News Release

Terpen-tales: The mystery behind the unique fragrance of the lovely lavender

Scientists explain the genetics of what makes the smell of lavender special

Peer-Reviewed Publication

Nanjing Agricultural University The Academy of Science

The Genomics of Lavender Terpenoids

image: Understanding terpenoid genomics is important to generate more resilient and high-quality lavender varieties. view more 

Credit: Horticulture Research

Even the mention of lavender evokes the distinct fragrance of the flower. This beautiful flower has been used to make perfumes and essential oils since time immemorial. The aesthetics of the flower have captured the imagination of hundreds, worldwide. So, what makes this flower so special? What are the "magical" compounds that gives it its unique fragrance? What is the genetic basis of these compounds? These questions have long puzzled scientists.

To find out the answers, a group of scientists from China have sequenced the genome of lavender, which is known in the scientific world as Lavandula angustifolia. The team headed by Dr. Lei Shi, Professor at the Key Laboratory of Plant Resources and Beijing Botanical Garden, Institute of Botany, Chinese Academy of Sciences, was specifically interested in the genetics and diversity of a class of volatile terpenoids produced by lavender.

Terpenoids play important roles in the biology of fragrant flowers including lavender. In the environment, terpenoids have been shown to attract potential insect pollinators. In real-life applications, terpenoids lend their potential benefits, including stress relief and skin conditioning, through products like essential oils. Keeping these in mind, it is essential to understand the fundamentals of terpenoid biosynthesis at the genetic level to manipulate lavender to produce better quality of these compounds.

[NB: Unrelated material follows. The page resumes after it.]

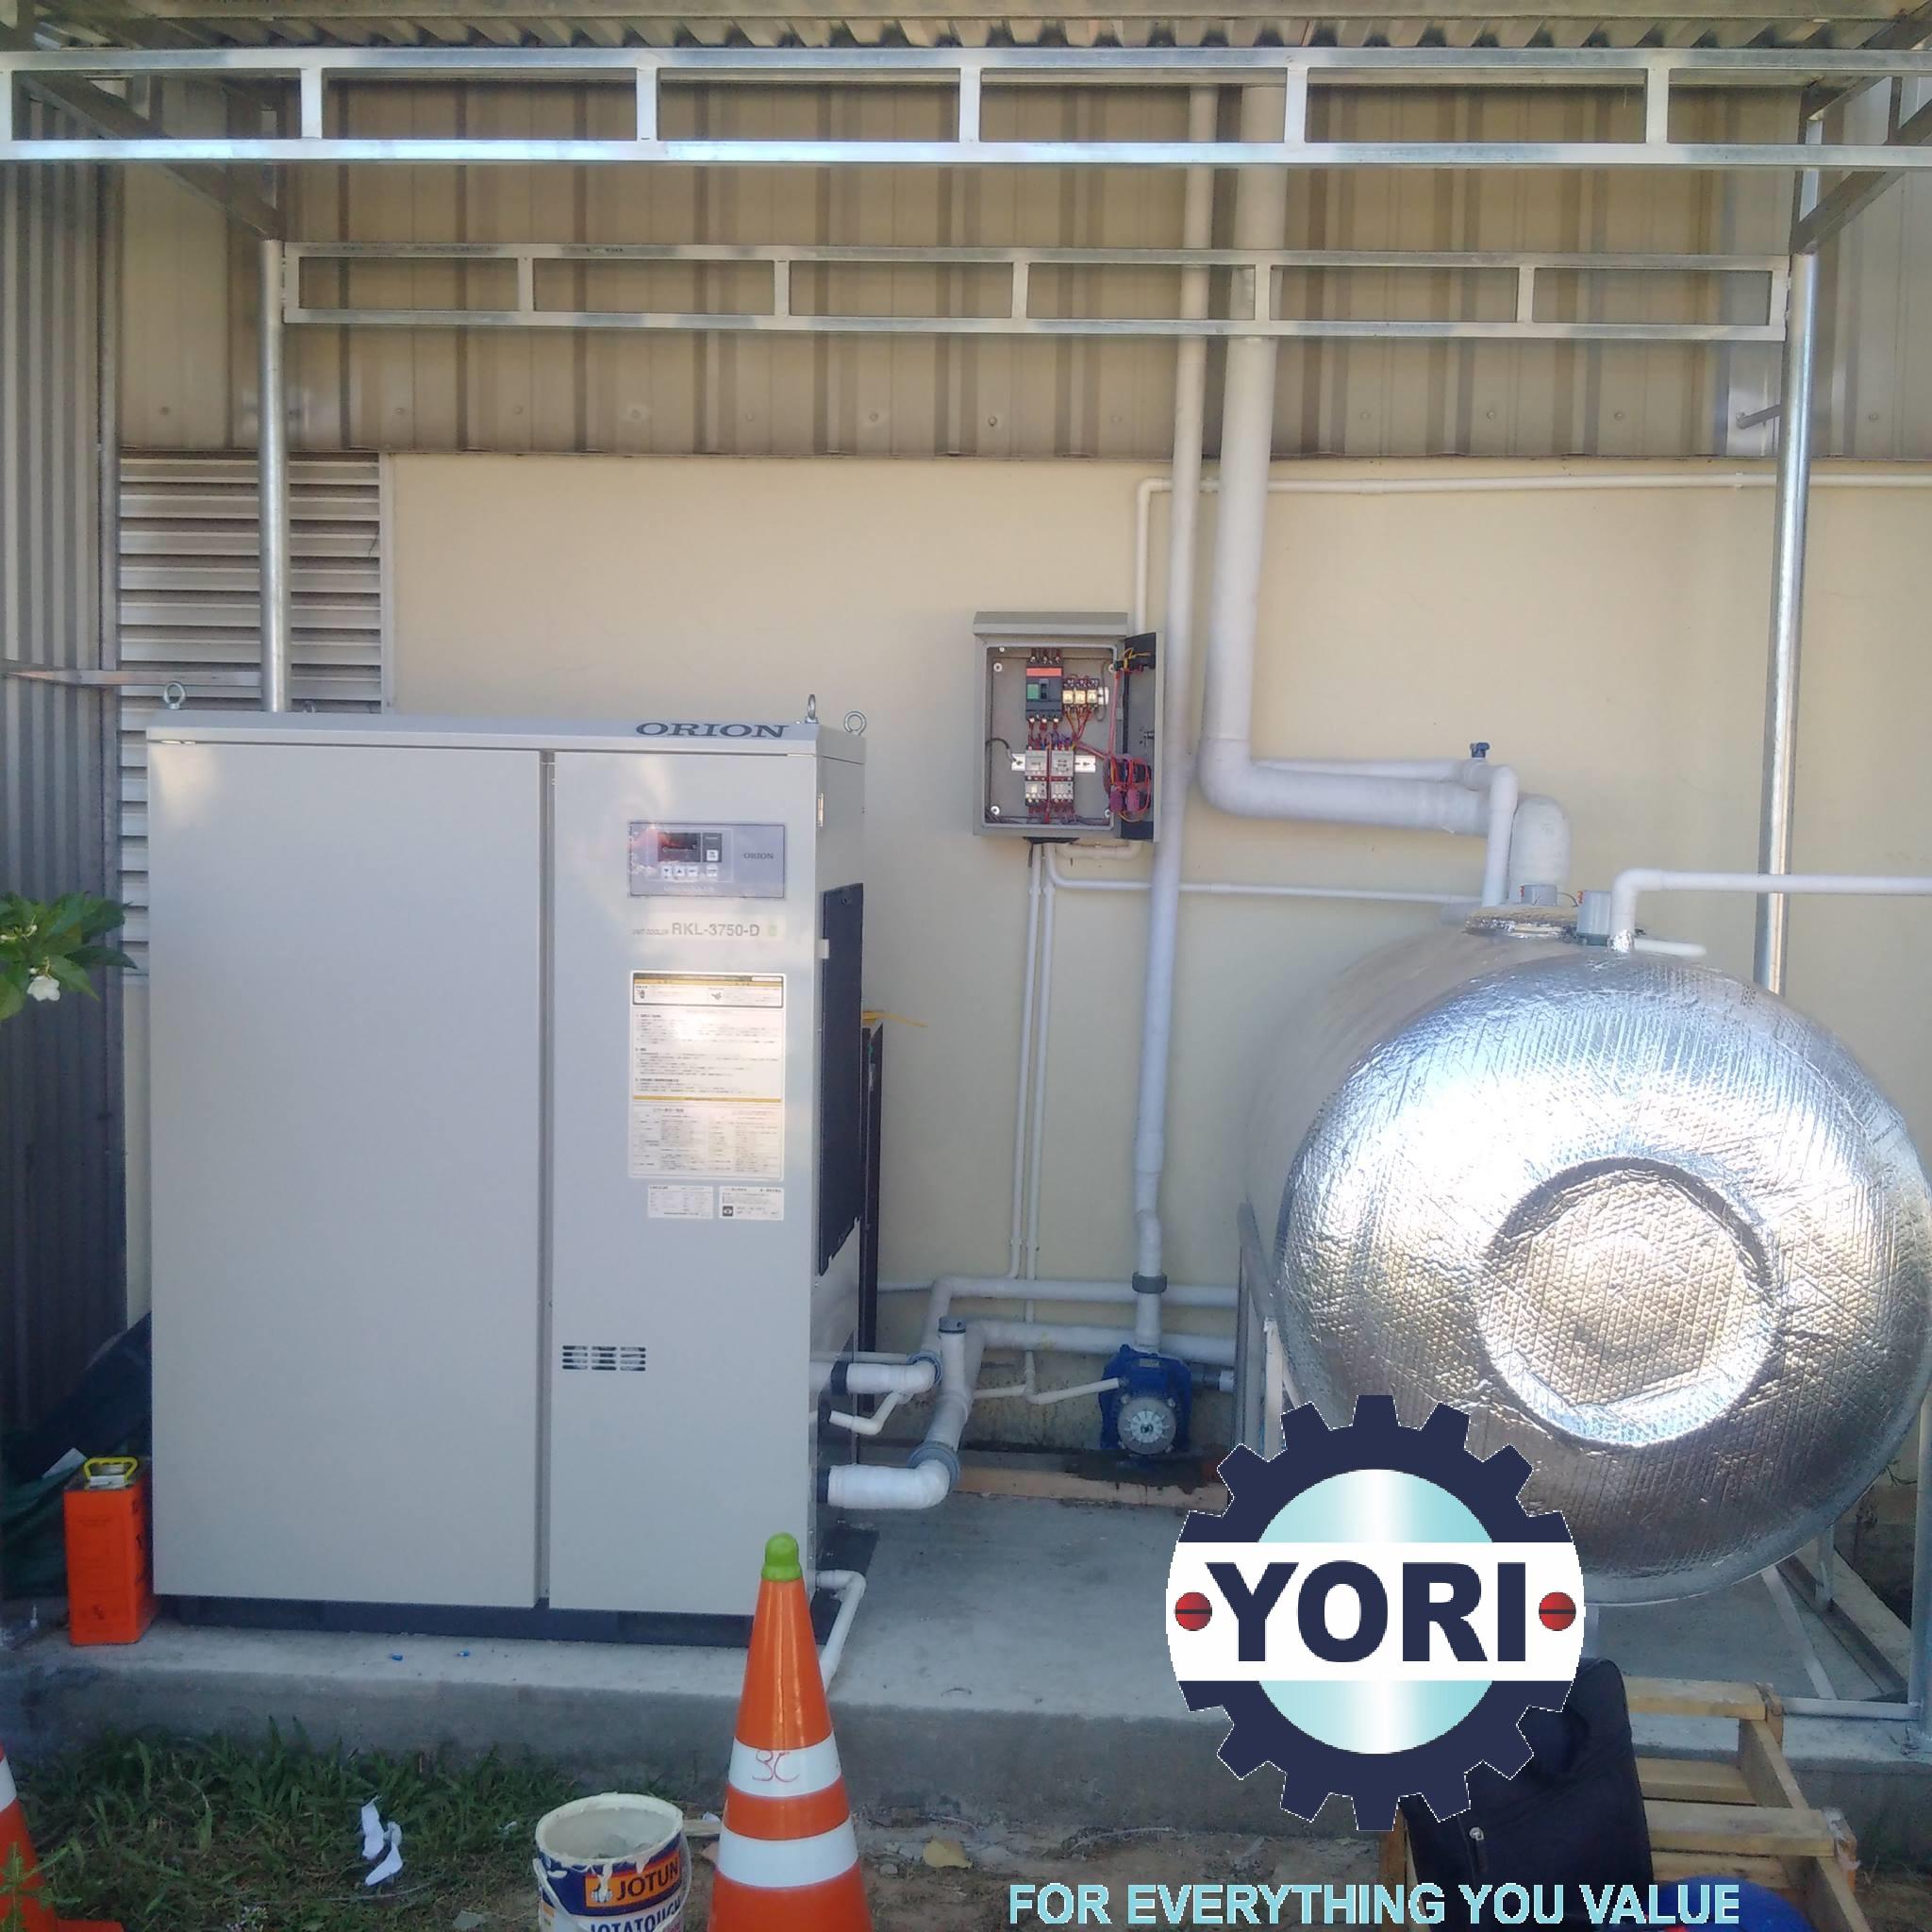 Water Chiller ORION For BEVERAGE PACKAGING Machine – Máy Làm Lạnh Nước Giải Nhiệt máy công cụ chuyên sản xuất BAO BÌ NƯỚC GIẢI KHÁT !

The team began by analyzing the high-quality reference genome data of the Chinese variety of lavender 'Jingxun 2'. Through phylogenetic analysis, they identified genomic events through the evolutionary history of lavender that led to the expansion of terpenoid biosynthetic genes in this species. Their analysis also yielded important insights into changes in these genes with respect to changes in the environment under which they grew.

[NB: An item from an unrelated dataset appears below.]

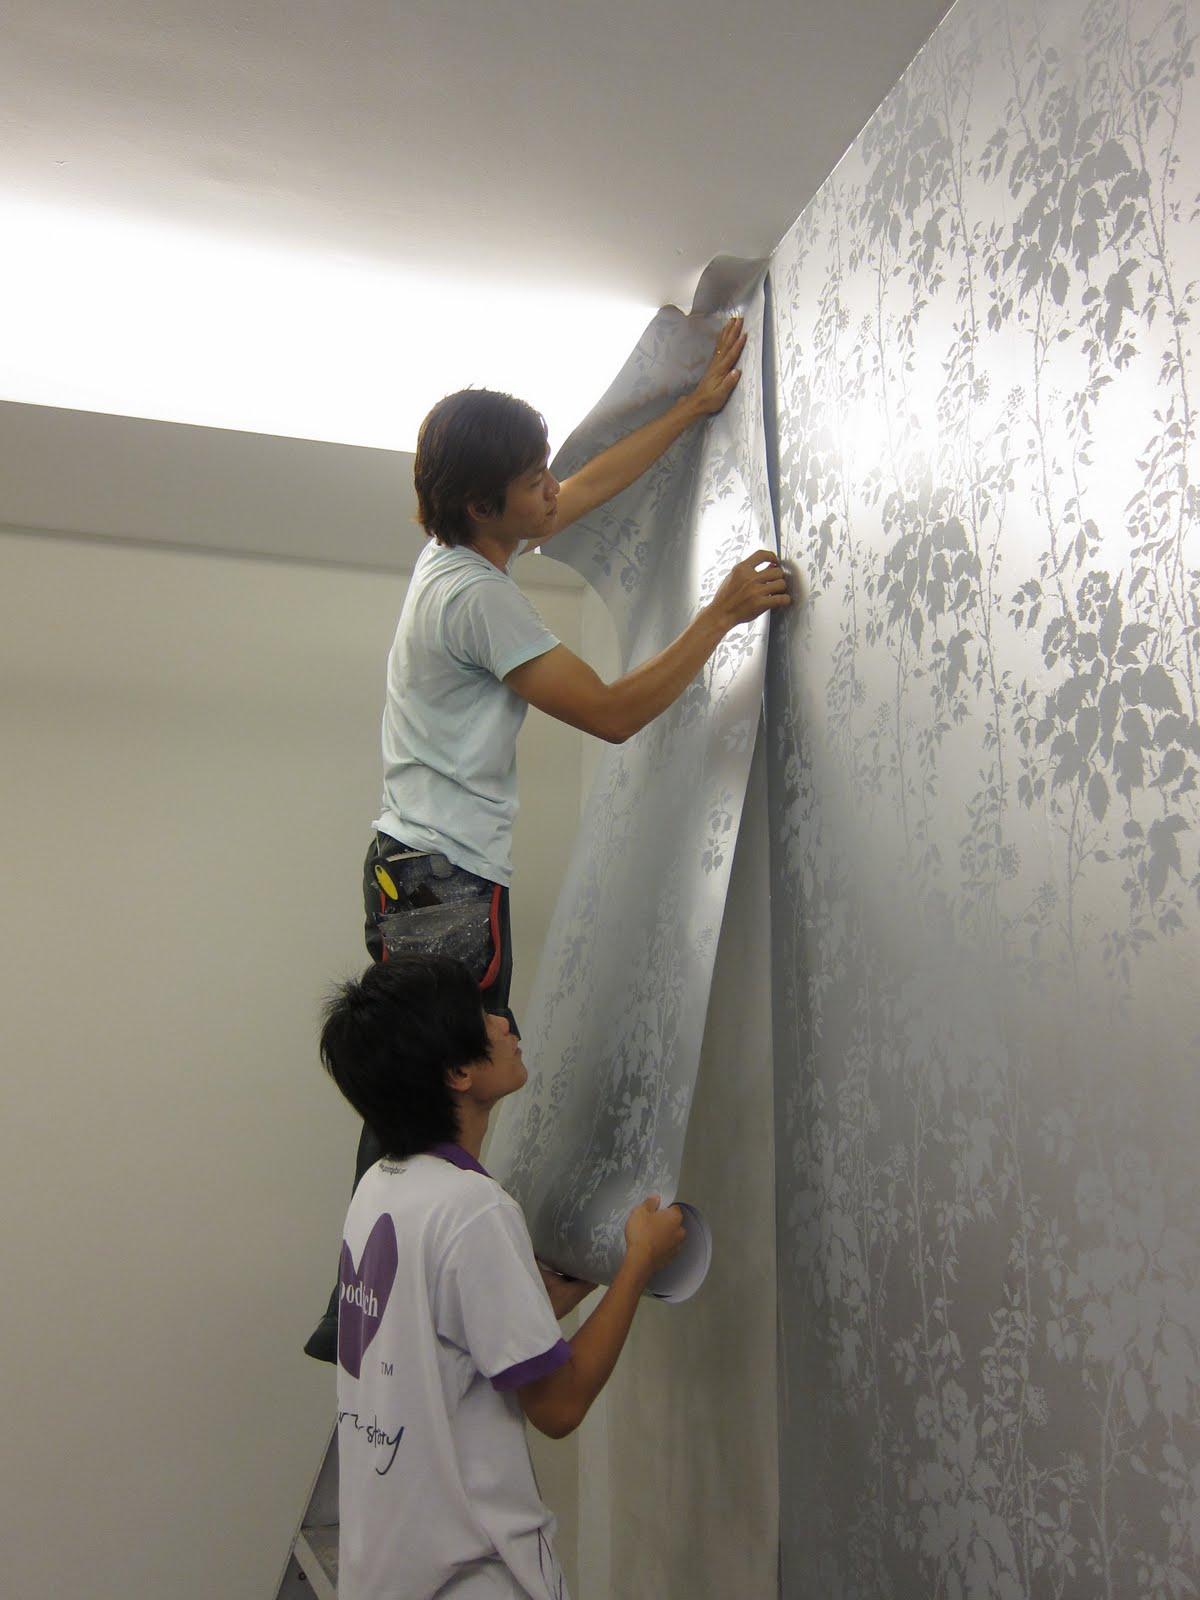 Làm sạch lớp giấy dán tường để sơn được màu chất lượng nhất.

Firstly, the scientists assembled the genetic sequences of the Chinese lavender cultivar. Next, they identified and named, or "annotated," the genomic regions in the lavender sequence and performed phylogenetic analysis on these sequences to better understand the evolutionary history of the lavender. Then they identified the events that affected the entire lavender genome and specifically the terpenoid producing genes. Finally, they associated genes on the lavender genome sequences with different terpenoids found in the plant, to construct gene-terpenoid networks.

Their results, published in a recent issue of Horticulture Research, reported the successful assembly of the 894.5 Mb lavender genome sequence distributed across 27 chromosomes, and could possibly be the best quality lavender sequence assembly, so far. In addition, the scientists were able to show that lavender has exclusively undergone major genetic events, including two whole genome duplications, which allowed them to better adapt and thrive in colder Mediterranean weather conditions.

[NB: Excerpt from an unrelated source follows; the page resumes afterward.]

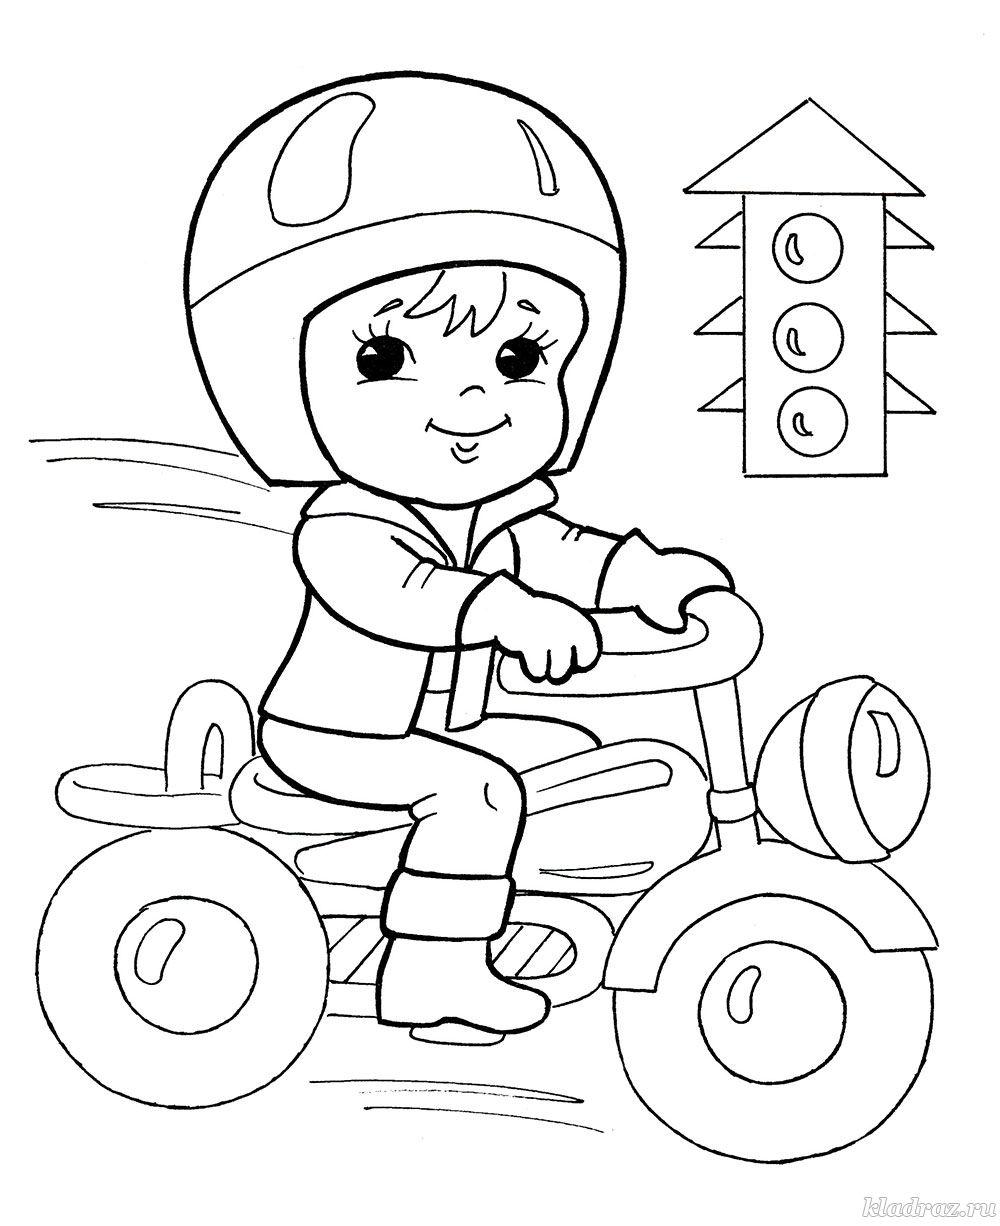 Раскраска для детей 4-7 лет. Мальчик на мобеде

Explaining their observations, Dr. Shi says, "Plants have the capacity to duplicate their genomes and when this happens there is freedom for the duplicated genes to evolve to do other things. This has allowed plants to develop new machinery to make a diverse array of chemical compounds that are used to defend against attack from harmful microbes and herbivores, and to attract beneficial species such as bees to assist in pollination." In fact, this explanation by Dr. Shi is supported by the findings of the team's study. His team identified gene duplications caused by the previously mentioned genetic events, which in turn led to terpenoid diversification. Upon further analysis, they also observed gene clusters specifically corresponding to attractive and defensive terpenoids.

Dr. Shi is excited about the potential real-life applications of this work. "The introduction of lavender into China can be traced back to the 1950s by pioneers of the Institute of Botany, The Chinese Academy of Sciences. Degradation of the cultivated species is of concern; hence, improved varieties are urgently needed. With a better understanding of the lavender genome, scientists will have an easier time developing new varieties, which may produce high-quality essential oils, have strong ornamental uses, and are resistant to pathogens and climate fluctuations.", he exclaims.

Sharing Dr. Shi's enthusiasm, we can indeed hope this study paves the way for better varieties of lavender and provide a template for research in plant volatile-environmental interactions.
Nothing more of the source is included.